With seven bands performing music that makes you want to headbang; this year's line up had the crowd grooving till the very end.The evening skies begin to darken on January 21, as the much awaited Saarang Rock Show (presented by Durex Jeans Blue Love condoms) kicked-off with Family Cheese, runners-up of the Decibels competition.
The amicable bassie cheekily requests the audience to oblige to any compelling urges to start jumping around.
Anyway, after a long instrumental jam by the three-piece, the organisers announced that the band had only a few minutes of playtime left. The band responded with a cover of the rock anthem “Comfortably Numb.” Sacrilegious as it may be, the music was cut just as the first solo started.
The next band on stage was greeted with an announcement that proved to be a pleasant surprise for them — Crypted had won the 2012 Saarang Decibels. The happiness of the band members was evident from the performance of their favourite, winning number.
Inner Sanctum, the bad boys from Bengaluru, had nasty-sounding rhythms that got you wanting to headbang— the vocalist/growler kept gyrating his head through most of the songs, with his long hair making a windmill of sorts. They succeeded in getting the crowd warmed-up, despite minor technical mash-ups. They left the crowd wanting more.
Blind Image, who were next on stage, however, were a let-down. Much was expected of them, as they had the reputation of being one of Chennai's leading Metal bands. They lacked a guitarist and in general, the ability to get the crowd to the next stage of excitement.
The slightly dampened spirits of the gathered metal-heads was nothing short of lit into a brightly-burning fire by Scribe, who took over the stage next. The hour-long gig started with the opening track of the Superstar Rajnikanth song, Oruvan Oruvan Mudhalaali which struck awe in the hearts of the southies.
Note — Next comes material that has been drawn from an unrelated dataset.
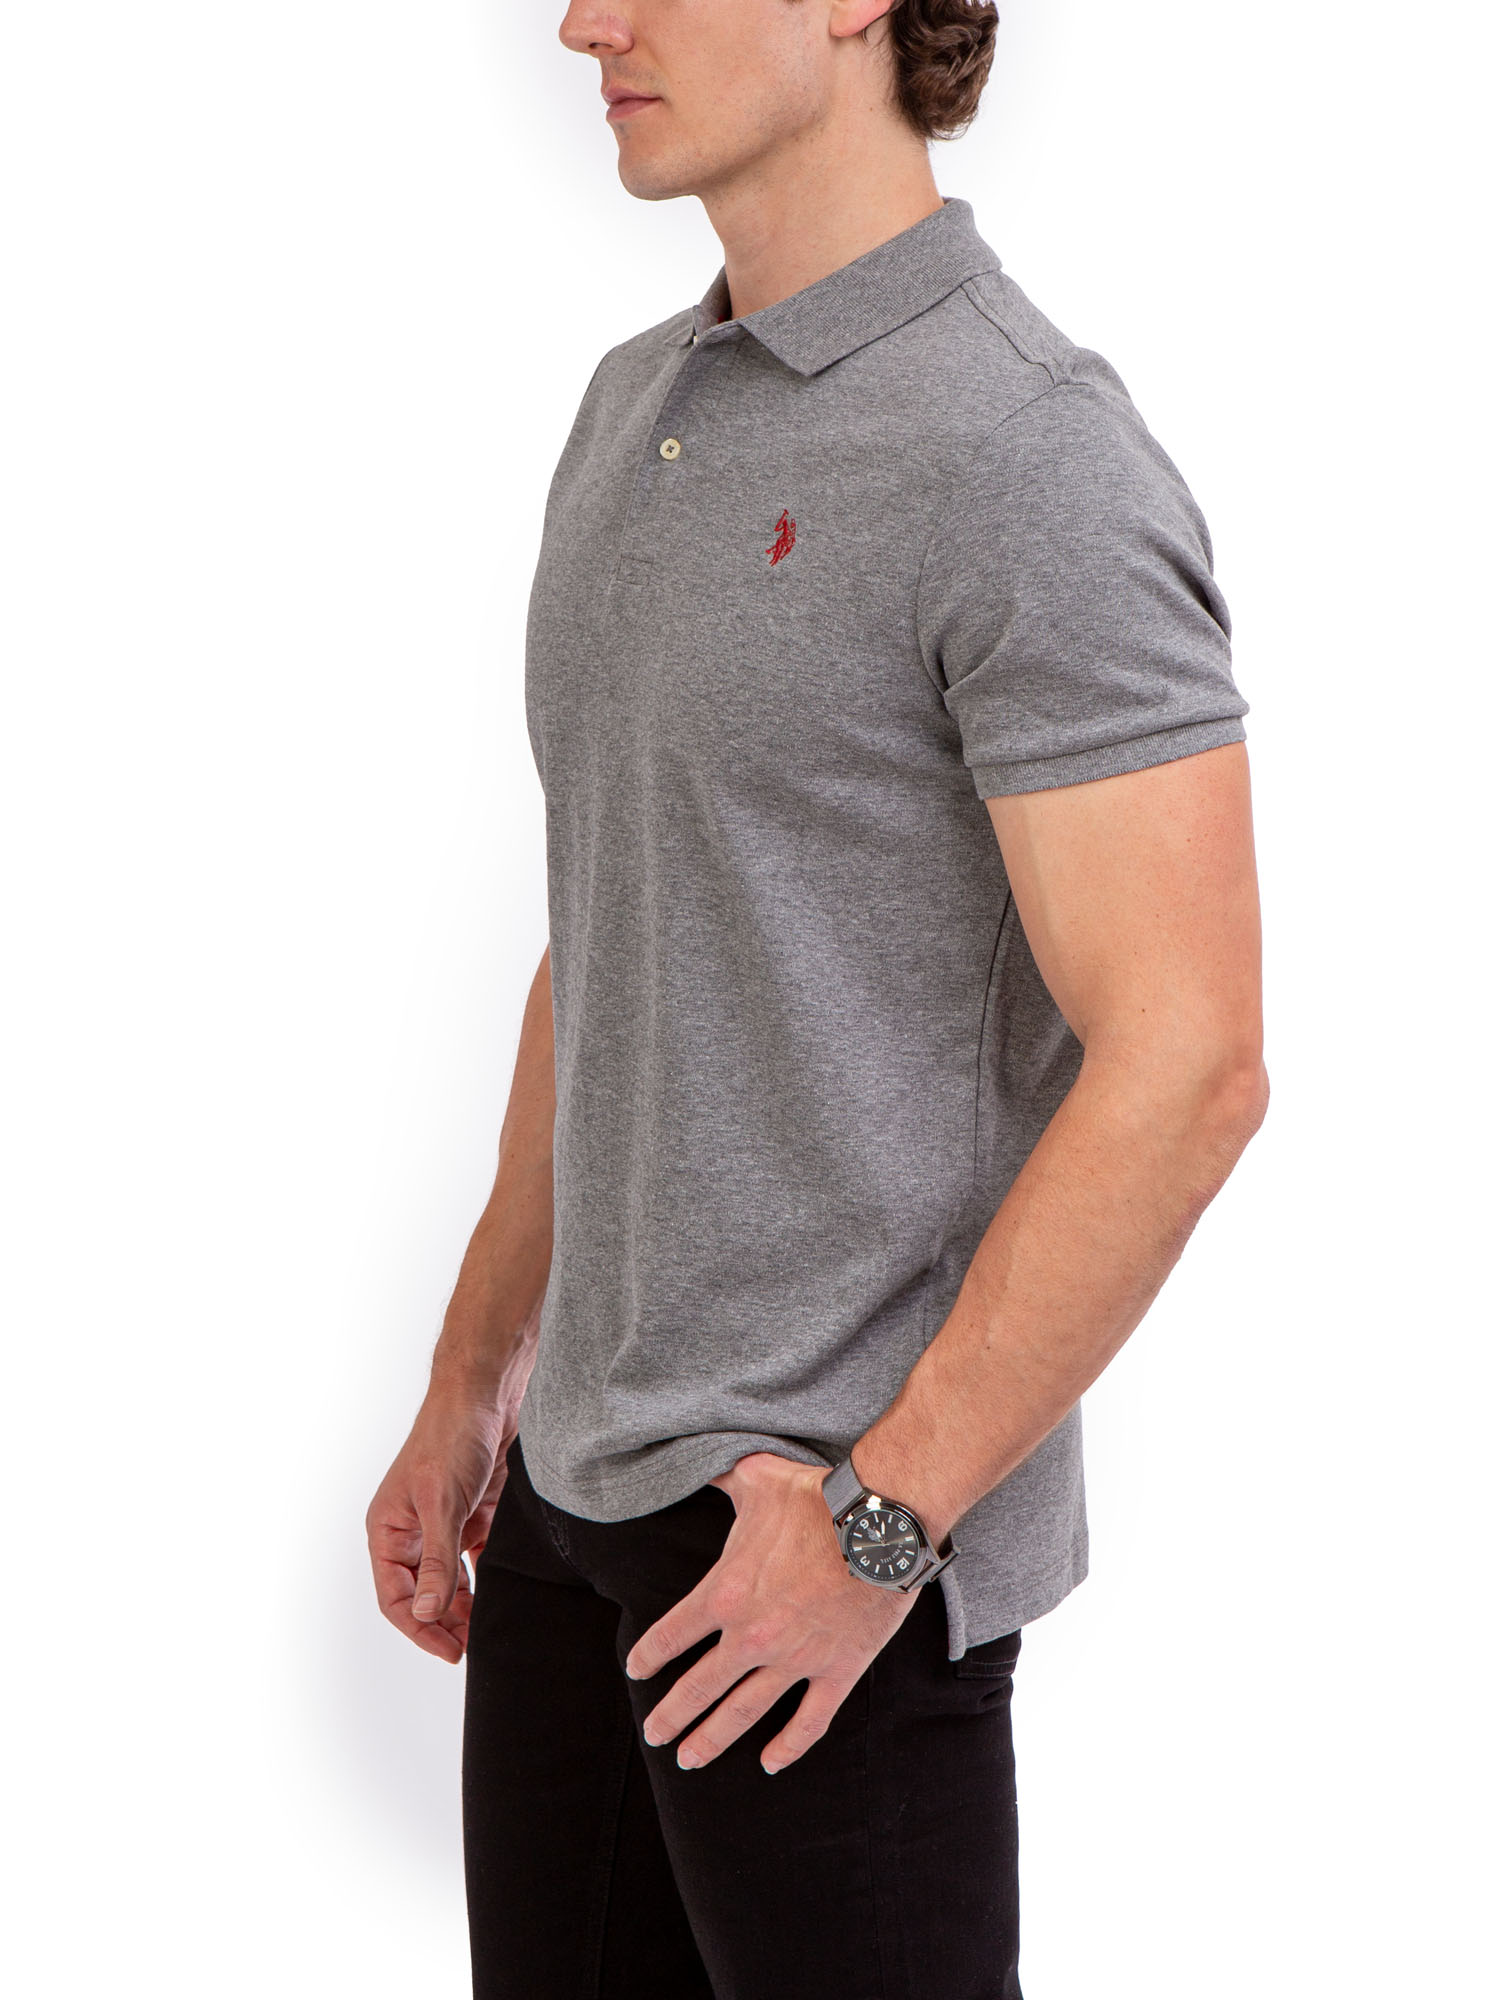 U.S. Polo Assn. Men's Interlock Polo Shirt - image 2 of 4

As we were to learn from the lungi-clad vocalist Vishwesh, he happens to be the sole Tamilian amongst the hindi-speaking members of the Bombay-based metal band.
Furiously fast, raucously heavy and dark-sounding, Scribe got what they wanted from the crowd; they made us think of nothing but metal throughout the night. It was a sight to behold as the colourful lights illuminated a scene of utter chaos. Scribe played many songs off their most recent album, Mark of Teja and I Love You, Pav Bhaji was easily the pick of the lot. The beholders were up on their feet, their energy renewed.
And the night was still young. Enter Vildhjarta, which is Swedish for Wild Heart (You pronounce the name of the band as though you intended to get sputum to the back of your throat). The seven-members of the Djent-styled band showed the crowd why the Nordic region is considered the birthplace of Death-Metal. Sure, we didn't understand any of the lyrics, but we were slaves to the addicting rhythms that kept our heads dipping down to the ground and resurfacing up back again and again as the sound of the complex-layered, dissonant guitar-sounds were more or less punctuated by the whisper-screams of the two vocalists. We were completely free from any inhibitions and joyously indulged in the hatred that formed the core of the music played that night. The show came to an end with Vildhjarta playing Dagger again to an enthusiastic bunch of youngsters who had fond memories to take back to either home or hostel.
Arvind is a Final Year Material Science student at CEG, Anna University.